A character string recognition system according to the present disclosure is described below.
Referring to fig. 5, fig. 5 is a diagram of a recognition system of character strings according to an embodiment of the present disclosure. As shown in fig. 5, the system 5000 for recognizing a character string includes an over-segmentation apparatus 5001, a class ii classifier 5002, a path search apparatus 5003, and a class full classifier 5004.
The over-segmentation device 5001 is configured to over-segment the character string image into a plurality of connected regions; the class ii classifier 5002 is configured to classify combinations of each connected region and a predetermined number of adjacent connected regions, and give a probability that each combination is a character; the path search means 5003 is configured to perform a path search on all paths formed by various combinations of the plurality of connected regions, and select a path with the highest probability that all combinations are characters; the full-class classifier 5004 is used to perform character recognition on the combinations in the selected path.
In a preferred embodiment, each combination of connected regions comprises no more than four connected regions. The present disclosure is not limited herein, and a person skilled in the art may set an upper limit value of the number of connected regions included in each combination of connected regions according to actual circumstances, for example, each combination of connected regions may be set to include not more than five connected regions.
In a preferred embodiment, the two-class classifier comprises a two-class SVM classifier or a two-class CNN classifier, and the full-class classifier comprises a full-class SVM classifier or a full-class CNN classifier.
In a preferred embodiment, the character string comprises a handwritten kanji character string, and the handwritten character string comprises kanji characters, numeric characters, letters, symbols, or combinations thereof.
The path searching means 5003 may comprise a dynamic programming unit or a beam searching unit. The dynamic planning unit is used for dynamically planning a path formed by the combination of a plurality of connected areas; the beam search unit is configured to perform a beam search on a path formed by a combination of the plurality of connected regions.
Referring to fig. 6, fig. 6 is a diagram of a recognition system of a character string according to another embodiment of the present disclosure. As shown in fig. 6, the recognition system 6000 includes an overcut sorting device 6001, a class two classifier 6002, a route searching device 6003, and a class full classifier 6004.
Compared to the recognition system 5000 shown in fig. 5, the path search means 6003 in the recognition system 6000 further includes a calculation unit 6013, and other components are similar to the recognition system 5000. The calculation unit 6013 is configured to calculate an average probability of the probabilities of all combinations in each path, and the path search means 6003 selects a path having the highest average probability.

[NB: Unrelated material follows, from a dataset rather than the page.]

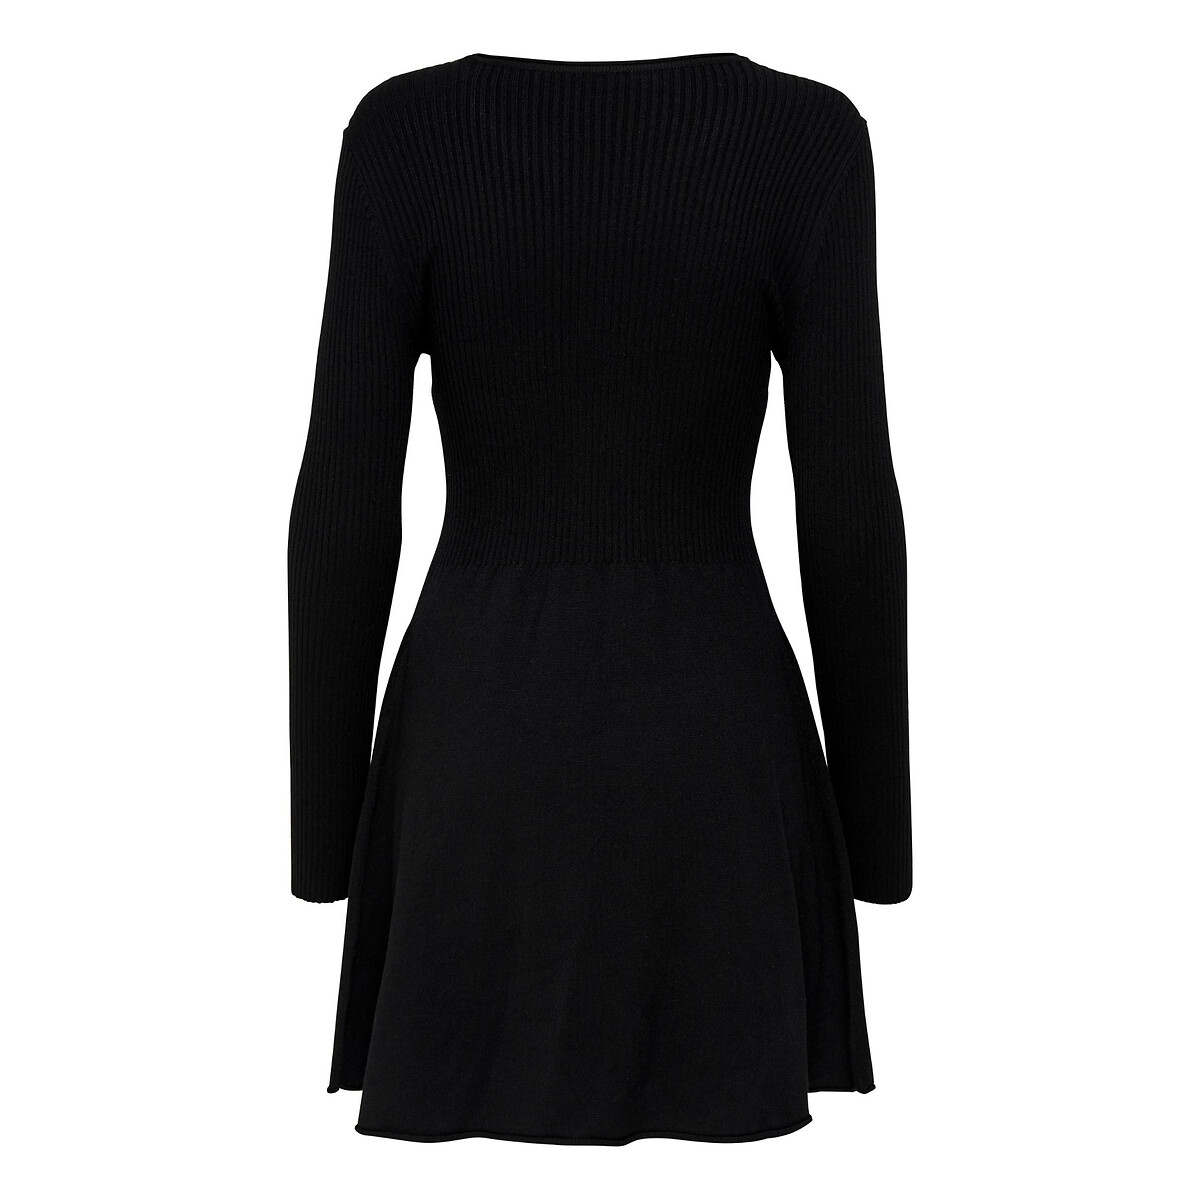 Платье короткое расклешенное с длинными рукавами M черный платье laredoute платье короткое расклешенное с длинными рукавами 44 синий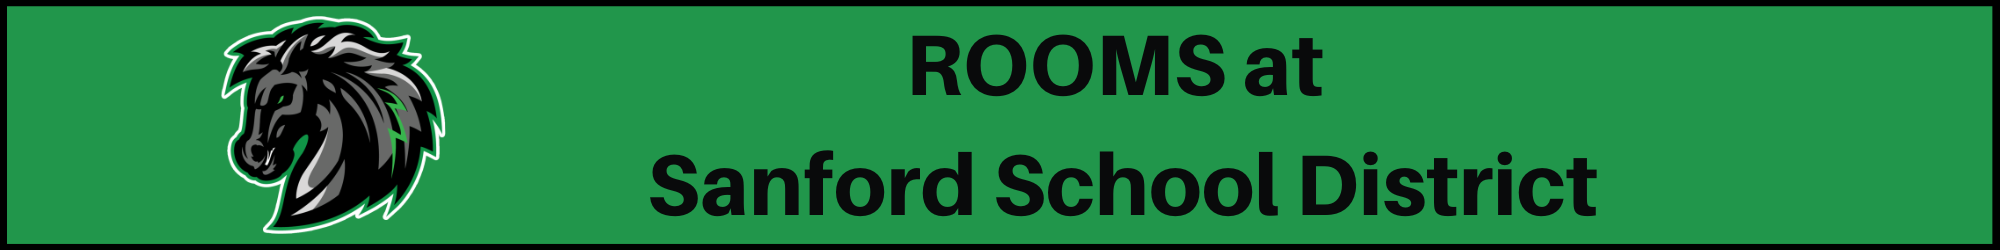 Rooms at Sanford

Although in the embodiment shown in fig. 6, the calculation unit 6013 is part of the path search device 6003, in a variant embodiment, a separate calculation device may be provided in the identification system, and the disclosure is not limited thereto
In a preferred embodiment, the calculation unit 6013 is configured to calculate the average probability by equation (1) as described above in connection with the method embodiments. Also, in formula (1), P represents the average probability, Pi represents the probability that the combination of each connected region is a character, Mi represents a preset weighting parameter for the combination of each connected region, and N represents the number of combinations of connected regions. In a further preferred embodiment, Mi comprises any one of the following: the combined length of each connected region; the number of black pixels in the combination of each connected region; and a fixed constant.
Referring now to fig. 7, fig. 7 is a diagram of a system for recognition of character strings, according to a variant embodiment of the present disclosure. As shown in fig. 7, the recognition system 7000 includes an over-cutting apparatus 7001, a class ii classifier 7002, a path search apparatus 7003, a class full classifier 7004, and an optimization apparatus 7005. The route search device 7003 includes a calculation unit 7013. In contrast to identification system 6000 shown in fig. 6, identification system 7000 also includes optimization apparatus 7005, and the other components are similar to identification system 6000.
The optimization device 7005 is configured to optimize the recognition result by using a language model, and similar to the above description in connection with the method embodiments, the optimization may be performed by using a language model such as a unigram language model or a bigram language model. Although a separate optimization means 7005 is included in the exemplary recognition system 7000 shown in fig. 7, alternatively, a language model may be embedded in the path search means 7003 in the recognition system proposed by the present disclosure, i.e., an optimization unit is provided in the path search means 7003 so as to perform optimization during the path search. Those skilled in the art can set up the relevant devices or components for optimization according to actual needs, and the disclosure is not limited thereto.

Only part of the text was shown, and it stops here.